That is around 40 seconds per flash it could be the image is cropped though meaning flashes are missing.

but that frequency in the video seems faster, but it is so noisy I cannot really tell. It's also taken in 2018 can the spin rate change much?
 

flarkey

Senior Member.
Staff member
Astrobin says 2 minute exposure, 3 flashes in ~2 mins?

1662201187393.png

That is around 40 seconds per flash but that frequency in the video seems faster, but it is so noisy I cannot really tell. It's also taken in 2018 can the spin rate change much?
That's only 3 flashes that the object was in frame for.
 

jarlrmai

Senior Member
@flarkey
Sorry my messages got messed up, if you could work out the time it takes to traverse the FOV in the astrobin photo then that gives the flash rate.
 

flarkey

Senior Member.
Staff member
Some random notes as I think about this...

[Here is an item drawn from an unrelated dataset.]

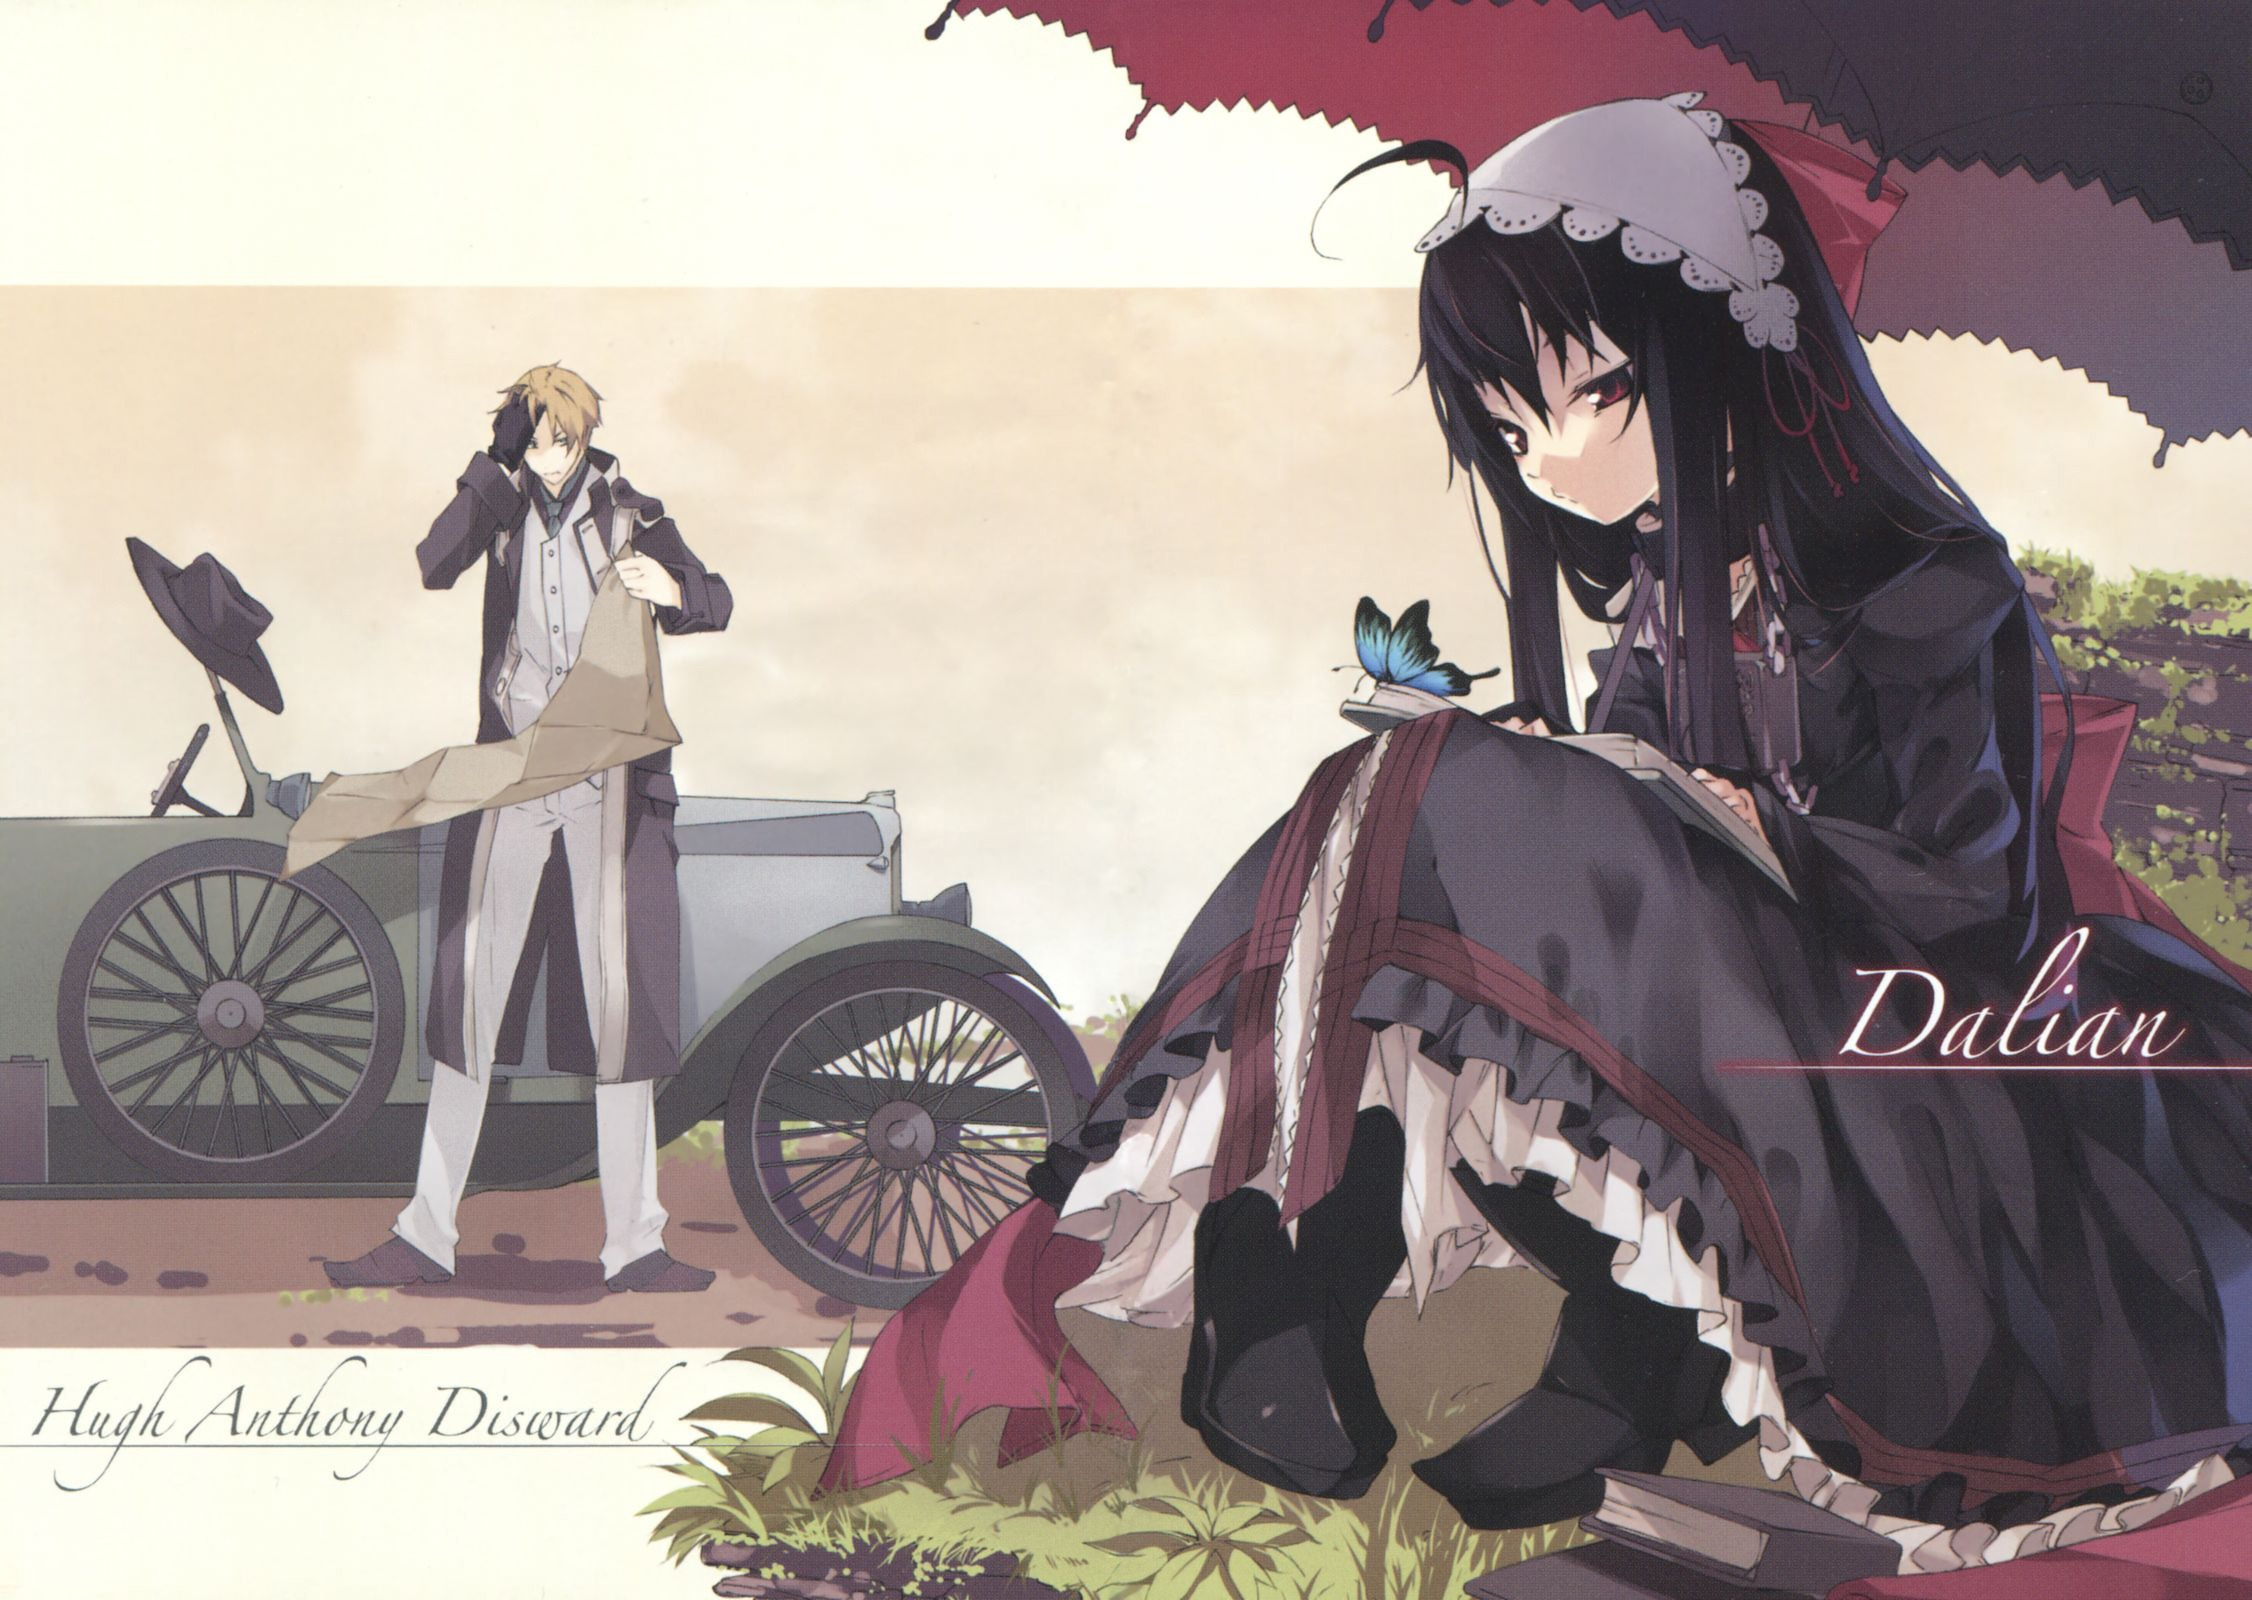 Anime dantalian no shoka online dating

....from https://www.n2yo.com/satellite/?s=25885 we have the Satelite Orbital period = 126.4 minutes

So thats round the world in 126.4 minutes. --> 360 degrees in 126.4 minutes

=360/126.4 = 2.8 degrees a minute

Field of view across the short axis of the picture is about 1.9 degrees:

Link:
1662204900568.png

So thats 1.9/2.8 = 0.67 minutes = 40.7 seconds of time that the satellite was in frame.

3 flashes in 40.7 second = a flash rate of 13.5 seconds per flash.

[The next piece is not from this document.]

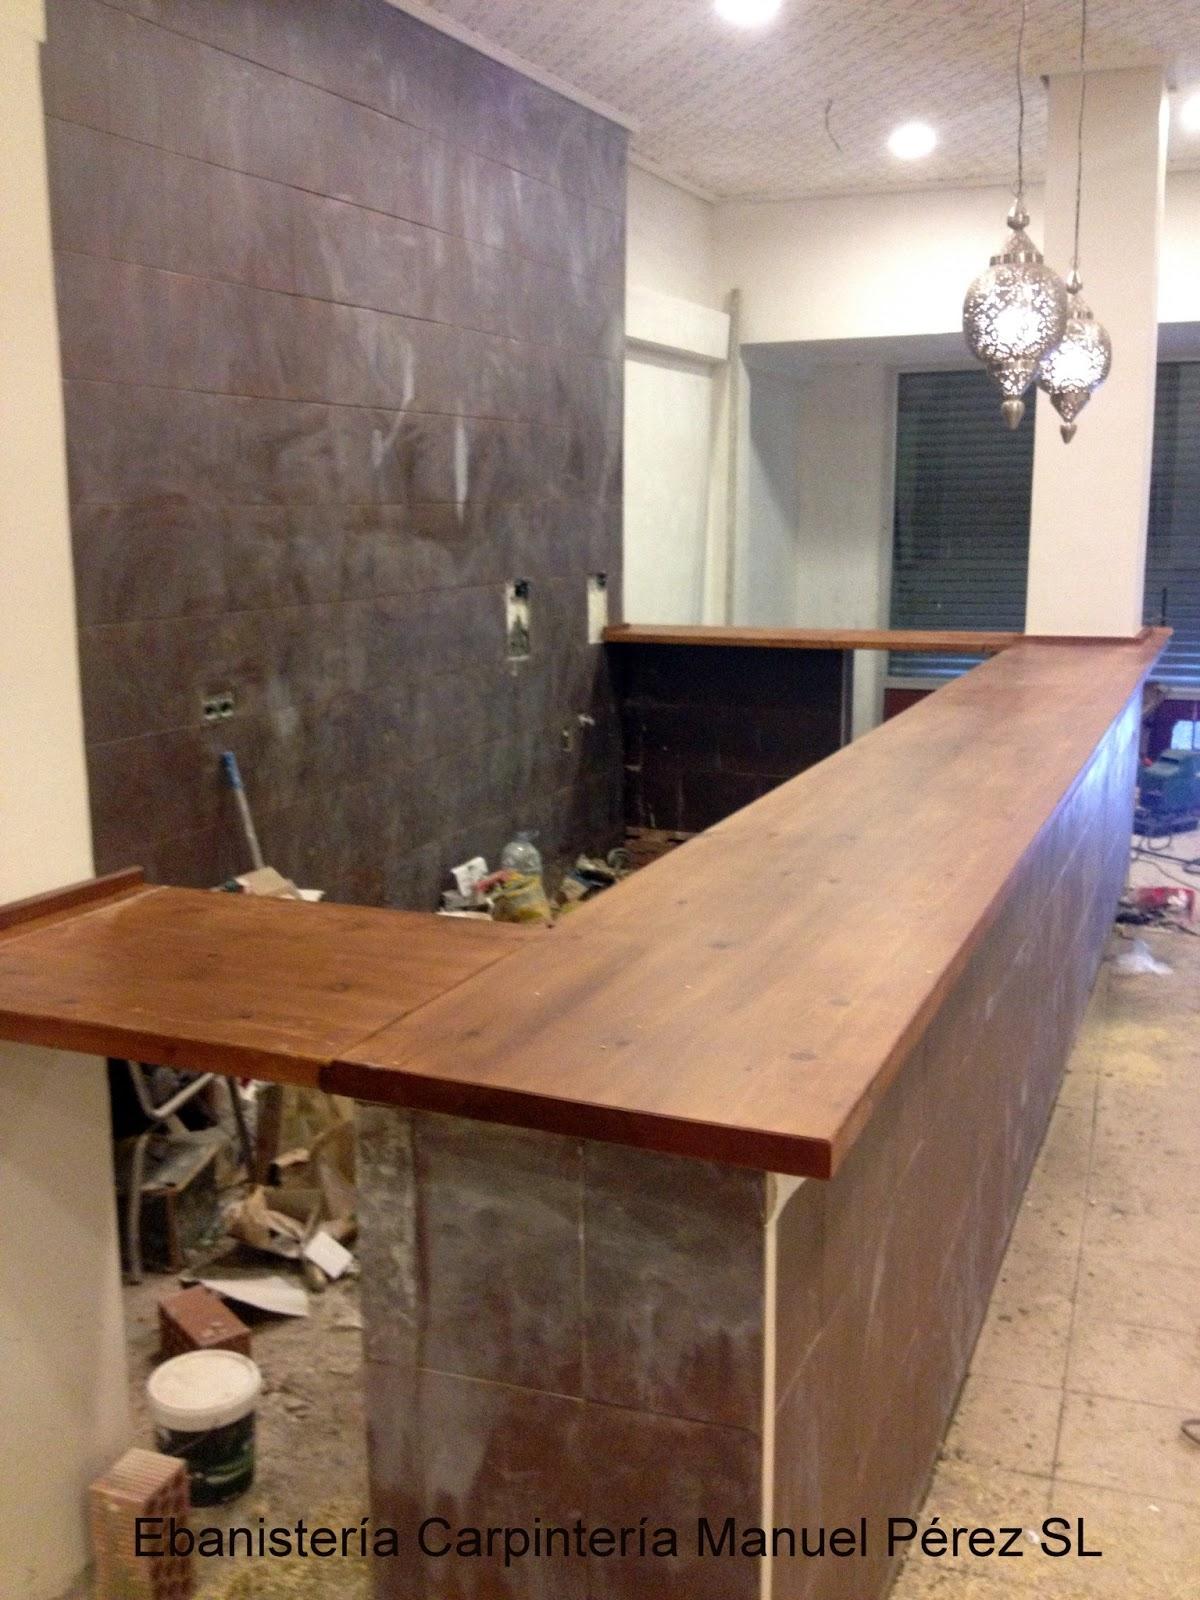 Ebanisteria carpinteria manuel perez zaragoza barra for Barras en madera para bar

From the video I count about 9 seconds between flashes. So its in the right ball park (i think) but not an exact match.

can anyone refine these calculations further?
 

jarlrmai

Senior Member
Some random notes as I think about this...

....from https://www.n2yo.com/satellite/?s=25885 we have the Satelite Orbital period = 126.4 minutes

So thats round the world in 126.4 minutes. --> 360 degrees in 126.4 minutes

=360/126.4 = 2.8 degrees a minute

Field of view across the short axis of the picture is about 1.9 degrees:

Link:
1662204900568.png

So thats 1.9/2.8 = 0.67 minutes = 40.7 seconds of time that the satellite was in frame.

3 flashes in 40.7 second = a flash rate of 13.5 seconds per flash.

From the video I count about 9 seconds between flashes. So its in the right ball park (i think) but not an exact match.

can anyone refine these calculations further?
If there's a track for that sat in Stellarium, you could create a custom ocular/sensor using the oculars plugin that has the fov of the image then time the sat as it goes past that FOV on the date/time. I think that would be fairly accurate.

I am not really sure on how to use the occulars function for this as you have to work backwards from FOV to create the eyepiece/sensor combo. Edit I think the specs needed are all given on the astrobin site, sensor and scope used.. My Stellaris keeps crashing though

It might be a bit more accurate to determine travel time between the 3 actual flash points.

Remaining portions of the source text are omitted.